23. April 1822
Nassau
"They're so pretty, it hurts. I'm not talking bout boys, I'm talking bout girls."
~ Girls, Girl in red

Acht Tage.
Acht Tage lang war es ihr gelungen Mary erfolgreich aus dem Weg zu gehen. An Deck der Searose hatte sich das als gar nicht so einfach erwiesen, da die Schiffsärztin immer wieder versucht hatte ein klärendes Gespräch zu führen, aber seit sie zurück im Königreich der Piraten waren, war es ihr sogar geglückt, sie kein einziges Mal zu sehen.
Bis heute.
Als sie am Morgen von Krämpfen im Bauch wach geworden war, war ihr klar gewesen, dass es sich nicht länger aufschieben ließ. Sie brauchte Gewissheit über ihre Umstände und diese konnte ihr einzig und alleine Mary liefern.
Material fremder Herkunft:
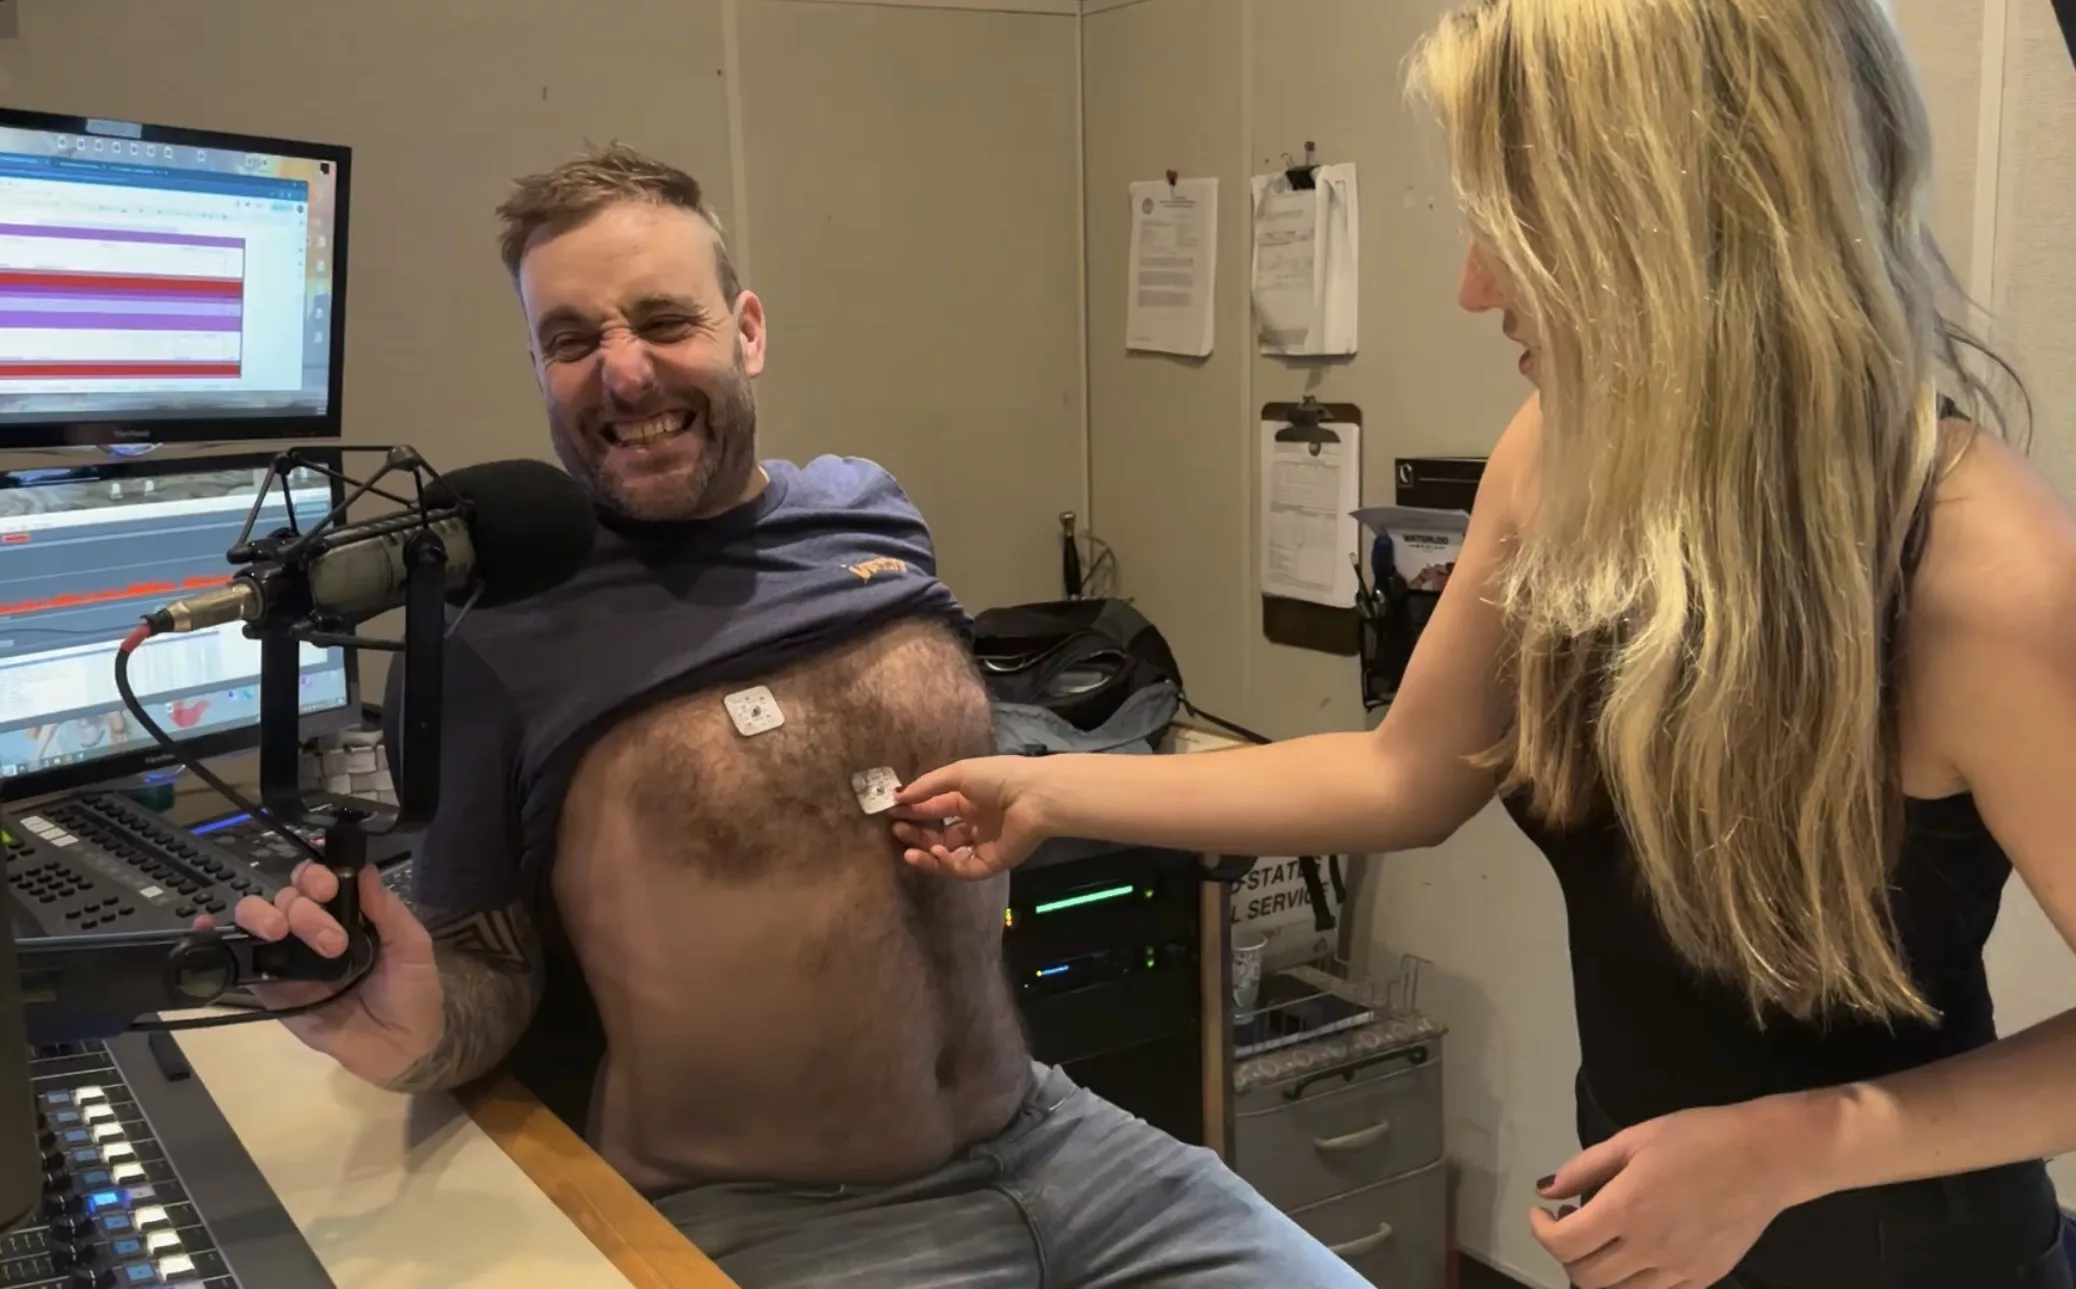 How NOT to Wax Your Chest

Nachdem Anne also mit Jack gefrühstückt hatte, war er aufgebrochen, um beim Bau weiterer Wehrtürme zu helfen und sie war unter dem Vorwand losgezogen, Felicité in ihrem Kräuterladen aufzusuchen und sie darum zu bitten, ihnen das Naft zu überlassen.
Später.
Anstelle über die Schwelle des Geschäfts, trugen sie ihre Füße über die Anlegebrücke der Searose, bis sie schließlich vor Nervosität zitternd Marys Räumlichkeiten erreichte. Die stets sanft klingende Stimme der Schiffsärztin drang an Annes Ohr, noch ehe sie sie erblickte und dabei beobachtete, wie sie Jaspals Hand untersuchte.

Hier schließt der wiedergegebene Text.